_SOURCE MATERIAL_
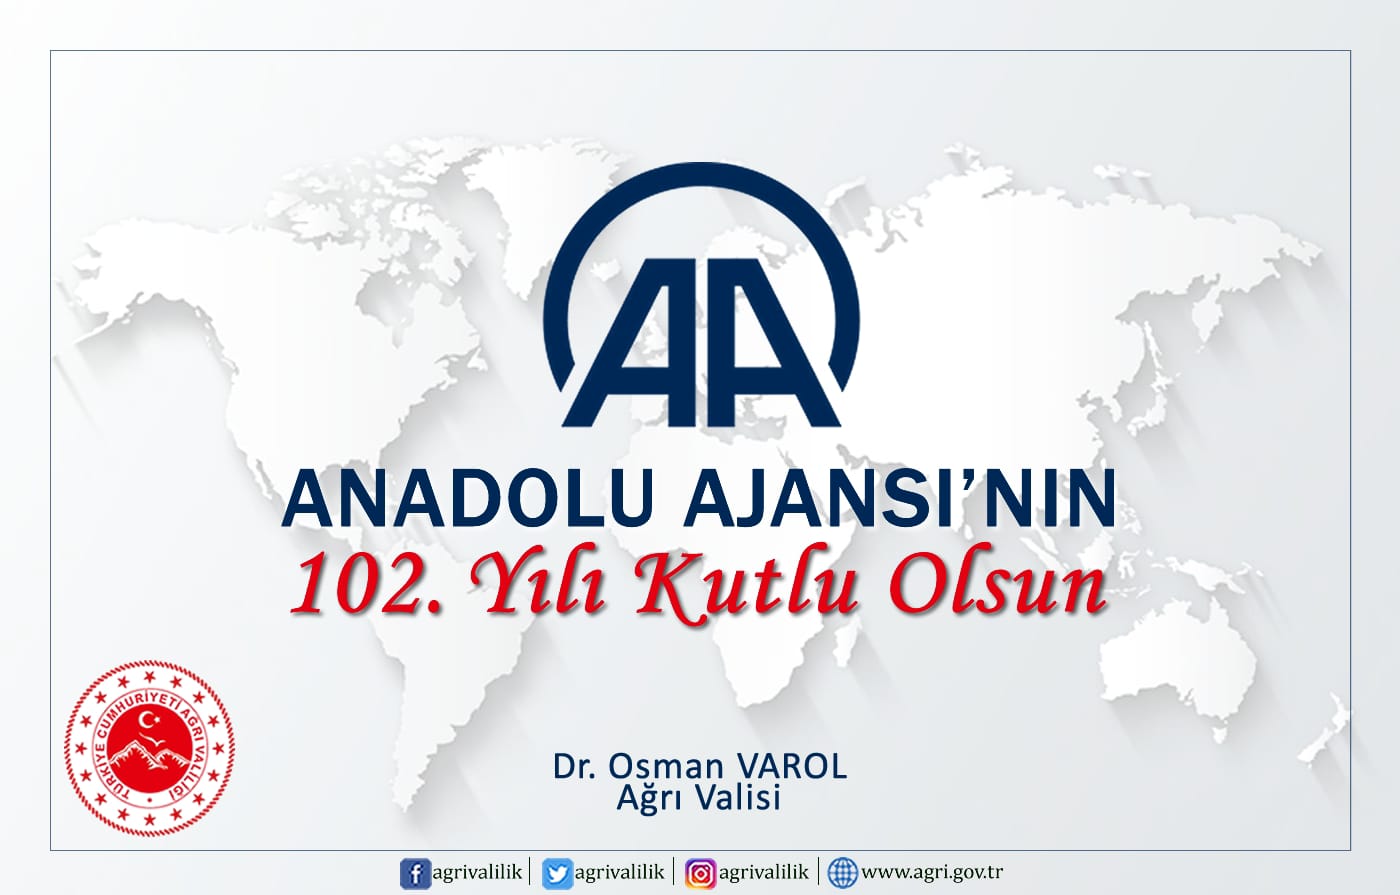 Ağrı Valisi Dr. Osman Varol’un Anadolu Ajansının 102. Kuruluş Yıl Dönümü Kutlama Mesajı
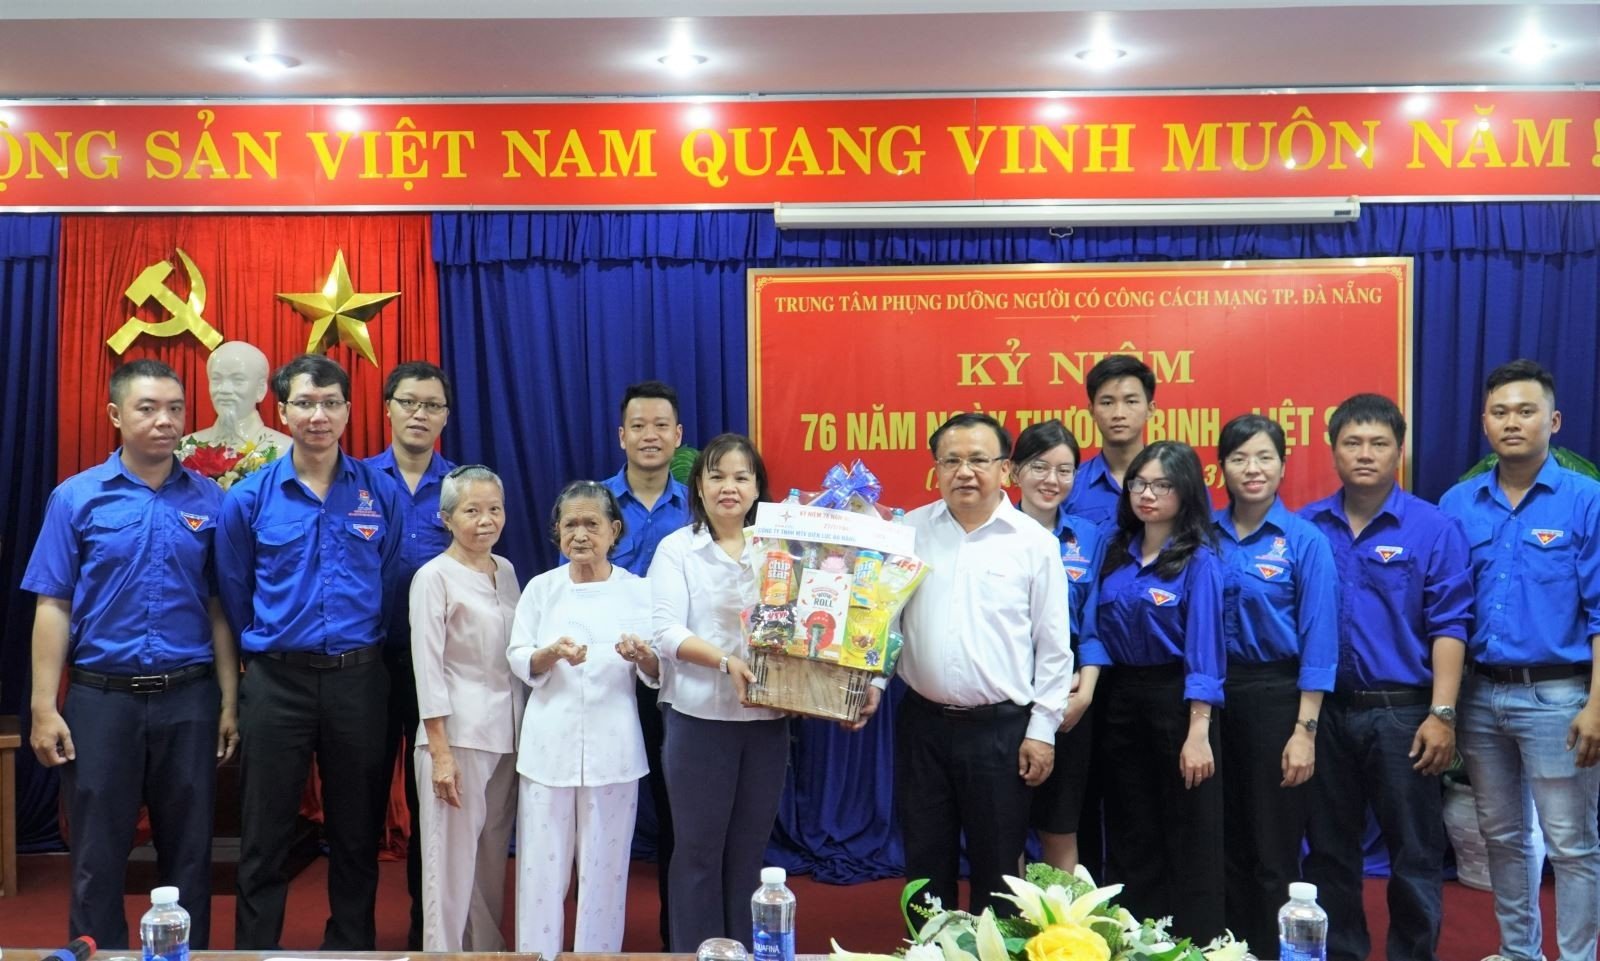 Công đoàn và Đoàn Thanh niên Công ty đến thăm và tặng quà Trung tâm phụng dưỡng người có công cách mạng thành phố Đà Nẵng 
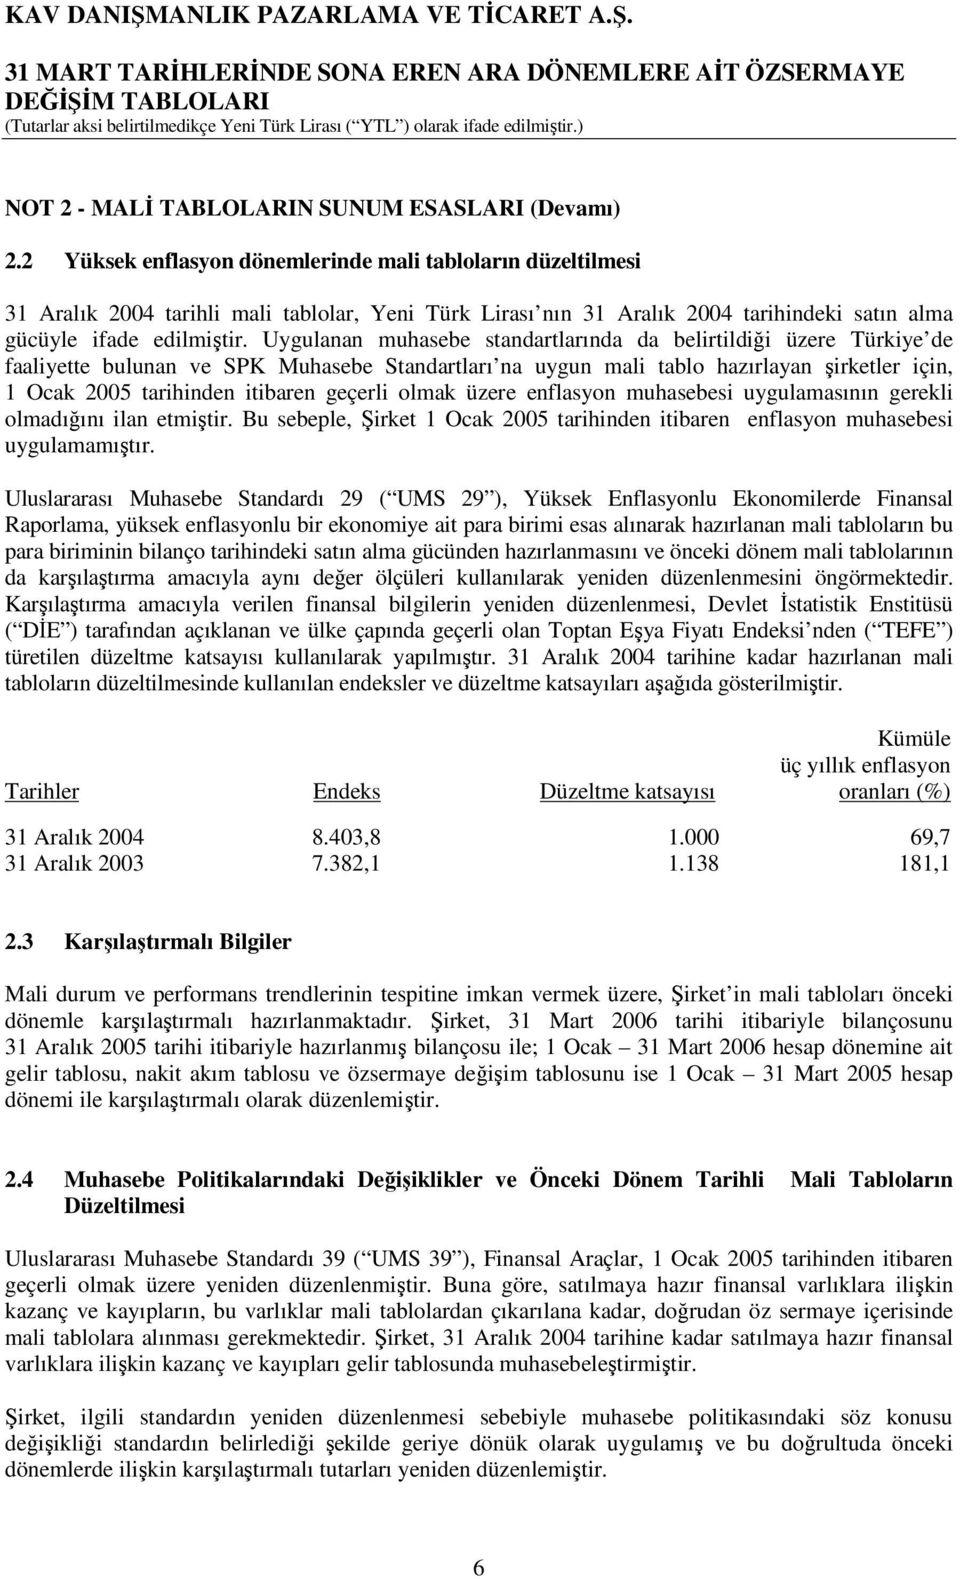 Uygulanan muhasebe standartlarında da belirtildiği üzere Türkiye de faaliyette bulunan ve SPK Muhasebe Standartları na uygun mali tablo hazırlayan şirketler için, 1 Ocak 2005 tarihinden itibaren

_TASK STATEMENT_
Leave out the pictures and copy the rest of the material above exactly.

_COMPLETED TASK_
 Ağrı Valisi Dr. Osman Varol’un Anadolu Ajansının 102. Kuruluş Yıl Dönümü Kutlama Mesajı
 Công đoàn và Đoàn Thanh niên Công ty đến thăm và tặng quà Trung tâm phụng dưỡng người có công cách mạng thành phố Đà Nẵng 
 Uygulanan muhasebe standartlarında da belirtildiği üzere Türkiye de faaliyette bulunan ve SPK Muhasebe Standartları na uygun mali tablo hazırlayan şirketler için, 1 Ocak 2005 tarihinden itibaren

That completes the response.